[Given information — start]
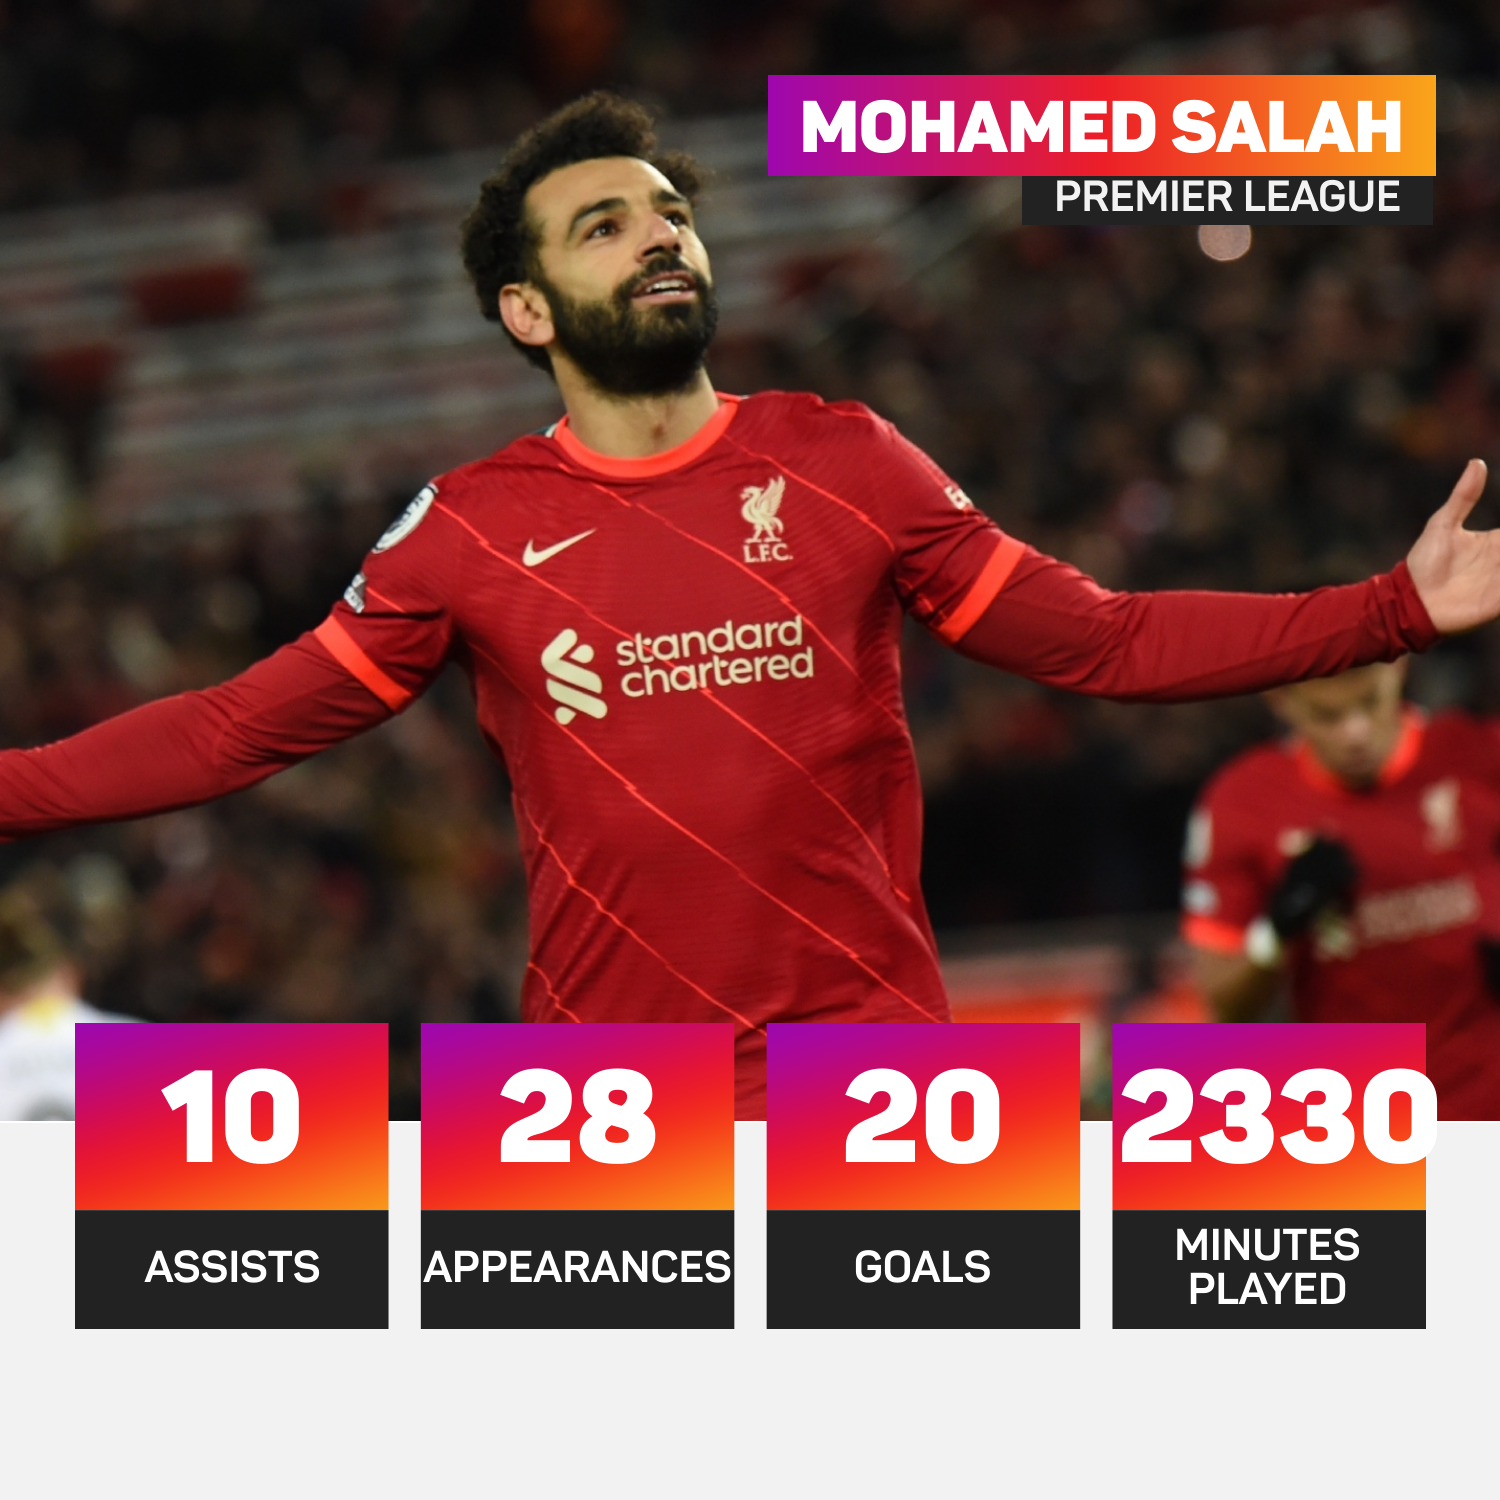 Mohamed Salah has 20 Premier League goals this season
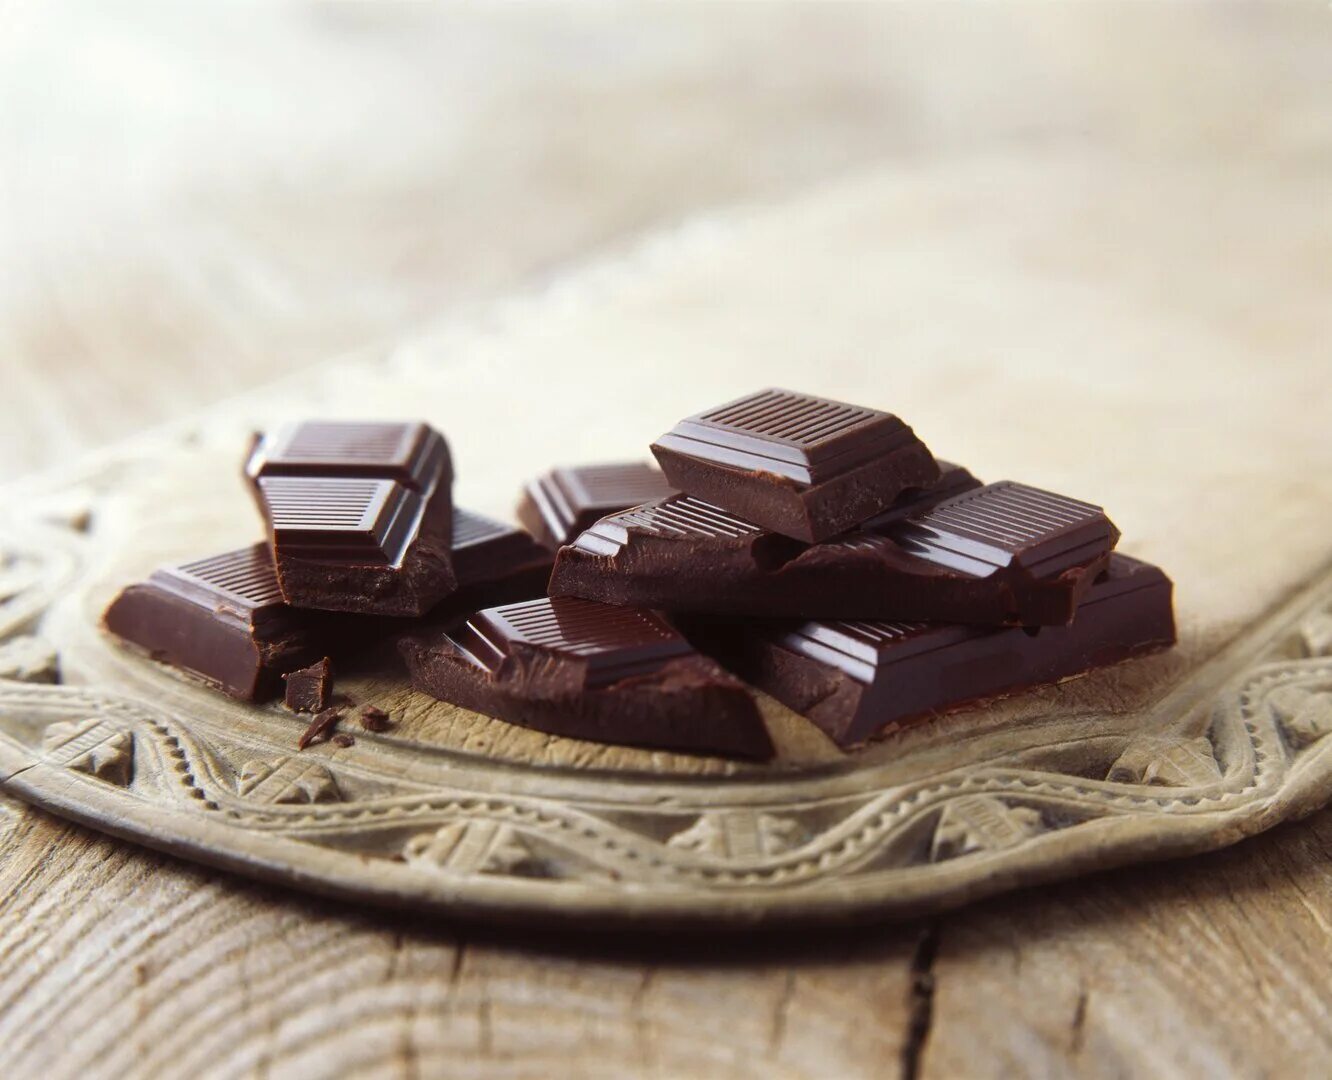 Шоколад. Темный шоколад. Шоколад Горький. Темный шоколад и Горький шоколад. Шоколад вещества
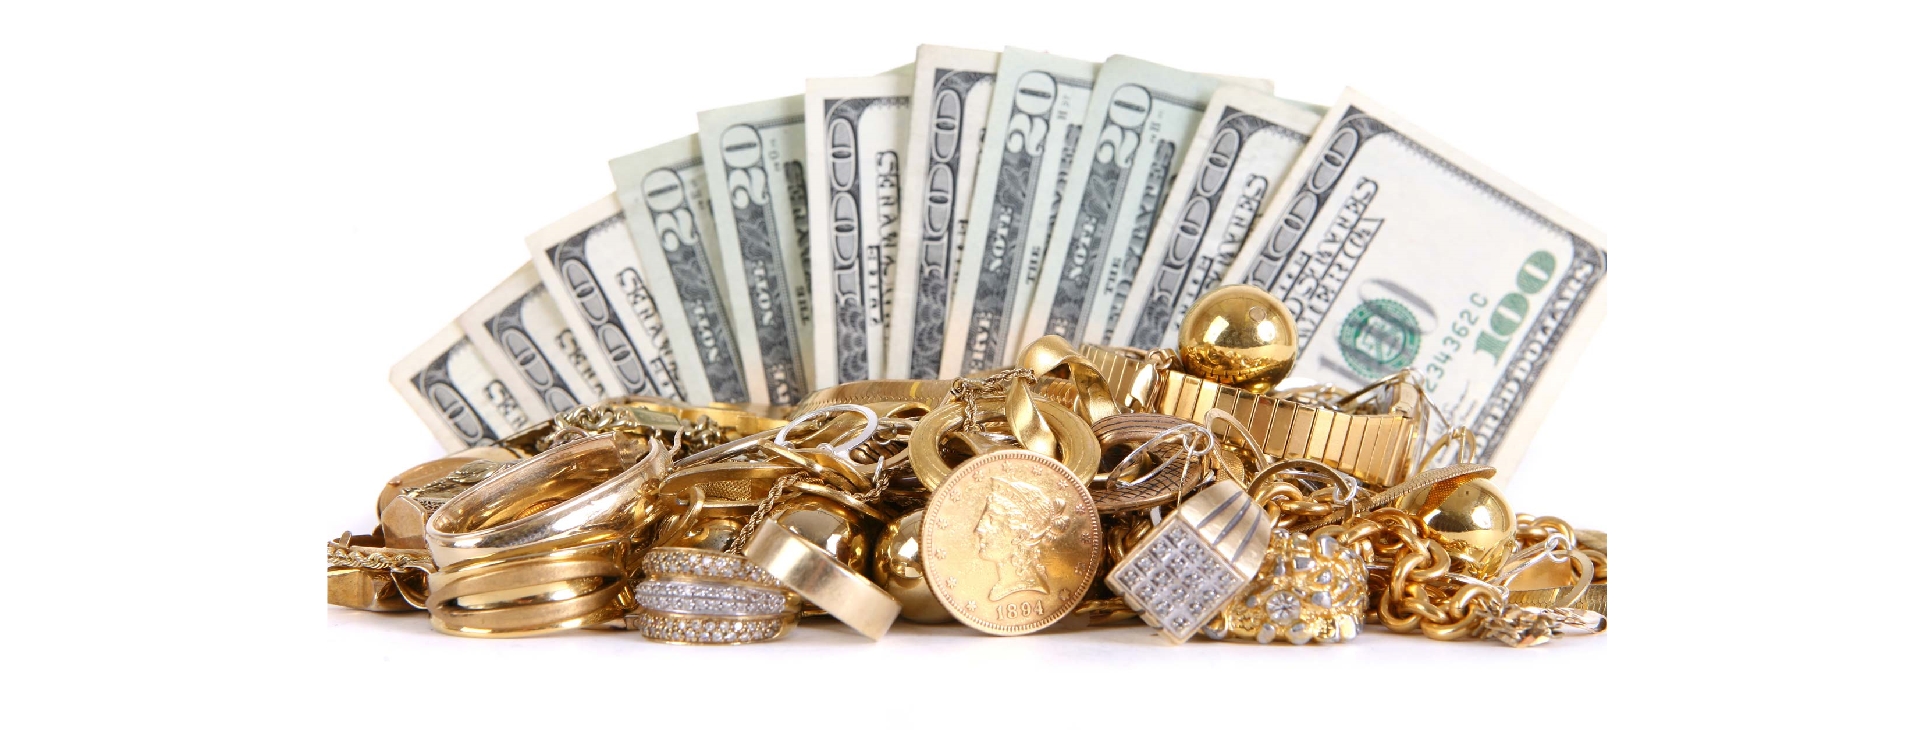 jewelry-gold-cash-pawntracker.jpg
[Given information — finish]
→ **What to work on**
Pictures are to be left out; repeat all the remaining data exactly.

→ **Worked solution**
 Mohamed Salah has 20 Premier League goals this season
 Шоколад. Темный шоколад. Шоколад Горький. Темный шоколад и Горький шоколад. Шоколад вещества
 jewelry-gold-cash-pawntracker.jpg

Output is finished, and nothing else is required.